На эту принципиальную позицию не влияет тот факт, что наш философ в очень подробном примечании (стр. 145 – 147) объявляет «формальную казнь» такого монарха, как Карла I или Людвига XVI. более ужасной, поскольку она «с содроганием охватывает душу, наполненную идеями прав человека», чем его свержение, для которого может существовать «чрезвычайное право», или даже убийство, которое может быть актом самосохранения; ибо оно предполагает «полный переворот принципов отношений между государем и народом». Кант здесь путает, как уже отмечал Коген (указ. соч. С. 437), случайную физическую личность главы государства с его «моральной личностью», которая в других местах встречается в суверенитете общей воли, таким образом, идею с видимостью. Дух «первоначального договора», однако, содержит «обязательство сделать форму правления соответствующей этой (т.е. своей) идее», т.е. изменить ее, «если это нельзя сделать сразу, постепенно и непрерывно» таким образом, чтобы она гармонировала с единственной законной конституцией, а именно конституцией чистой республики, по своему действию», пока, наконец, даже устаревшие эмпирические формы не растворятся в либеральных рациональных (стр. 169f).

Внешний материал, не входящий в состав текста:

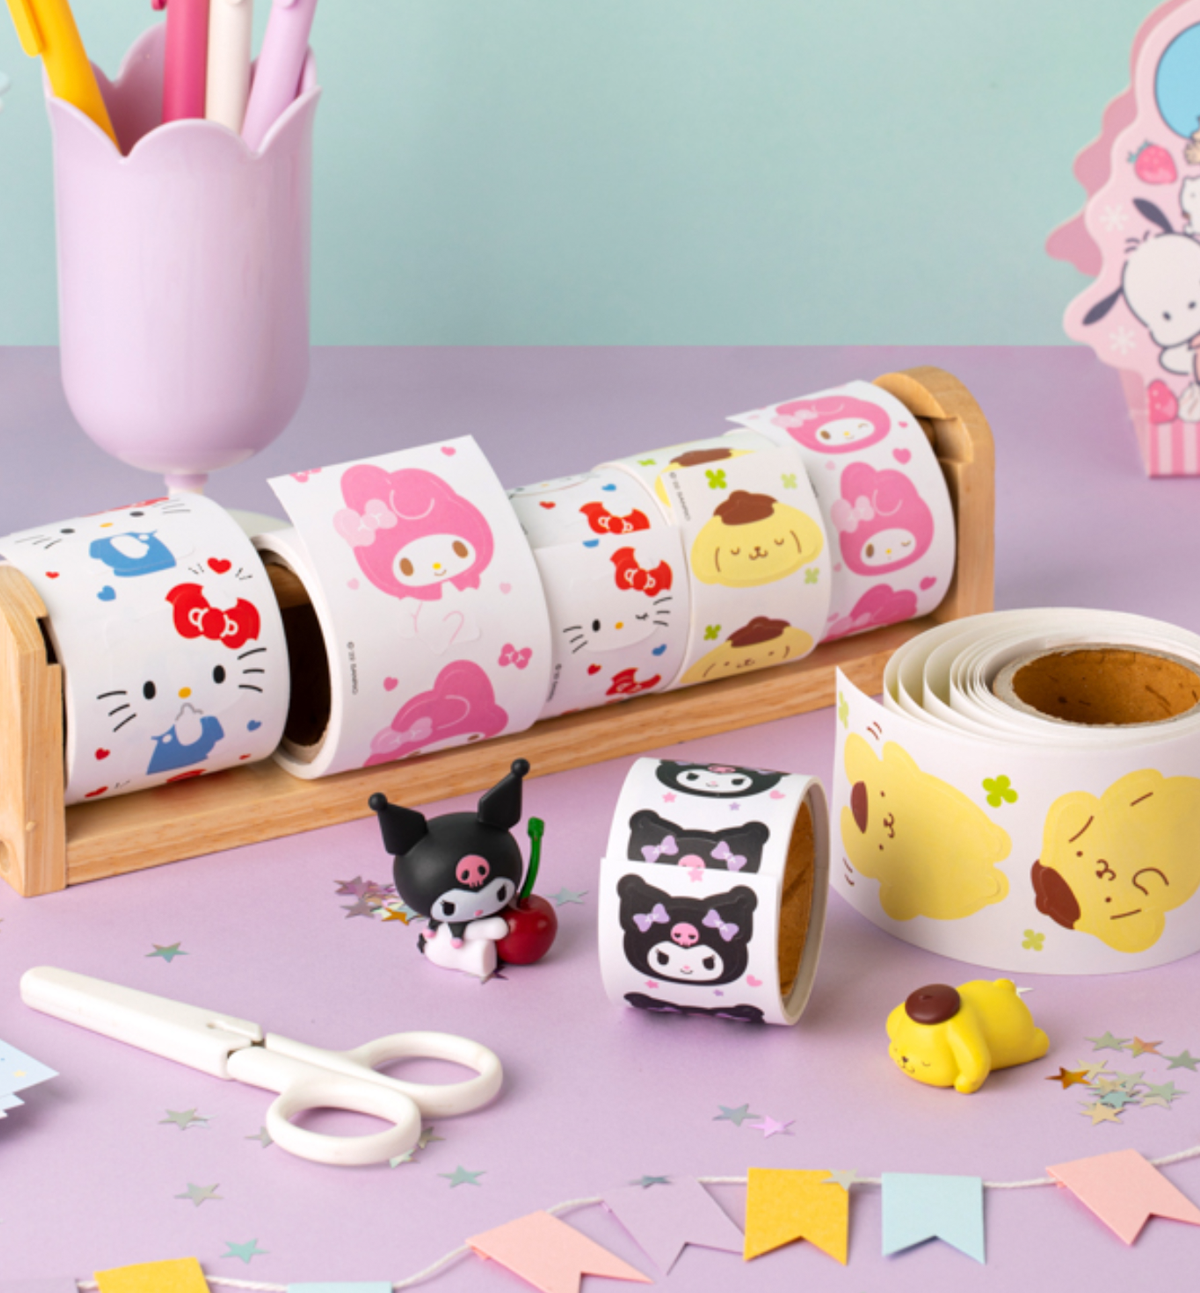 Sanrio Decorative Masking Tape Stickers for Journal Craft - Good

В «резолюции» учения о праве развивается мысль о том, что «вся конечная цель» учения о праве в пределах простого разума – параллель, следовательно, критической доктрине религии – состоит в идеале всеобщего и вечного, короче говоря, вечного мира. Ибо идея «правового союза людей под властью законов вообще» может одна – если она не будет предпринята и осуществлена революционным путем, скачком, т.е. насильственным ниспровержением существующей до сих пор дефектной конституции (ибо в этом случае между ними наступит момент разрушения всех правовых условий), а путем постепенной реформы в соответствии с установленными принципами» – «привести в непрерывном приближении к высшему политическому благу, к вечному миру» (стр. 186).

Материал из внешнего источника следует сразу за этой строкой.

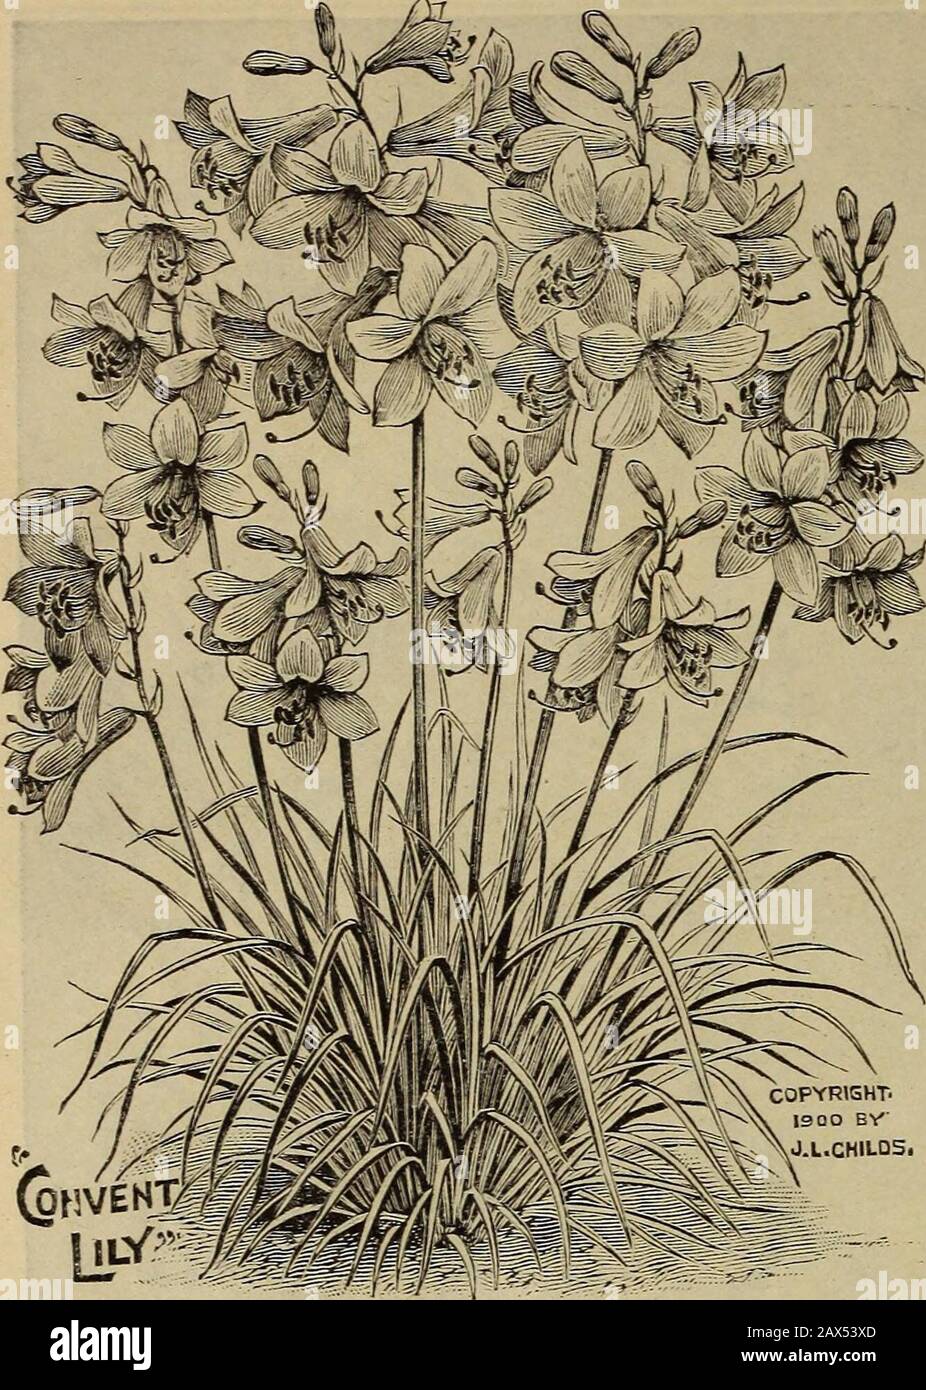 Childs' catalogue of fall bulbs that bloom plants, seeds, shrubs, fruits etcwith a treatise on the culture of bulbs indoors and out. . 56 JOHN LEWIS CHILD3, FLORAL PARK, N. Y.. Goi)Ver)t Lily. The equal of this plant(AnthuricumLiliastricum Major)is found only among some of the rare and high priced Lil-ies. Each plant sends up many tall flower stems, eachbearing a quantity of very large, pure white flowers, sur-passing the white Day Lily in size and beauty- Quite aspretty, in fact, as the Bermuda Easter Lily. Will attractgreat attention and is unsurpassed for cutting. A grandgood thing, and per Stock Photo

Однако это высшее благо было рассмотрено годом ранее – в том же году Пруссия заключила особый мир с Французской республикой – в специальном труде философа, его знаменитом трактате «О вечном мире». Сам Кант называл его «философским наброском». Но мы можем назвать его политическим завещанием. Ведь он выходит далеко за рамки простого мирного трактата, за который его обычно принимали из-за названия. Скорее, в нем он выразил свои сокровенные политические мысли более свободно, чем в «формально-систематической юридической доктрине», связанной с его лекциями. В своих письмах, а также в кратком предисловии он называет работу «грезами», но это полуироничное слово, по сути, призвано защитить его от «злобного толкования» «мудрых государственных деятелей», которые в иных случаях смотрят на простого теоретика «с его пустыми идеями» с величайшим самодовольством, но как только он говорит им неприятные истины, они «чуют в нем опасность для государства» (Предисловие, стр. 149).

Прежде всего, в документе вновь открыто выражен принцип Руссо, который прусские правители того времени осудили как «якобинство», что без идеи первоначального договора «не может быть придумано никакого права над народом» (стр. 151). Далее: «Ни одно государство не может насильственно вмешиваться в конституцию и правительство другого государства» (Статья V, стр. 153). И первая окончательная статья о вечном мире гласит: «Гражданская конституция в каждом штате должна быть республиканской». Теперь, даже если республиканская не тождественна демократической, а лишь выражает оппозицию деспотической, или, точнее, означает «принцип отделения исполнительной власти от законодательной» (стр. 162): республиканизм, тем не менее, основан на «неотъемлемых», «врожденных» правах человека – свободе, равенстве и – как это теперь выражено более свободно, чем в формулировке 793 года – «зависимости всех от единого общего законодательства». Однако, по мнению Канта, чистая демократия не совсем благоприятствует этому идеалу, «потому что там все хочет быть господином», тогда как монарх при определенных обстоятельствах может действовать скорее как верховный слуга государства, «как, по крайней мере, говорил Фридрих II». (последнее слово зачеркнуто у Канта!).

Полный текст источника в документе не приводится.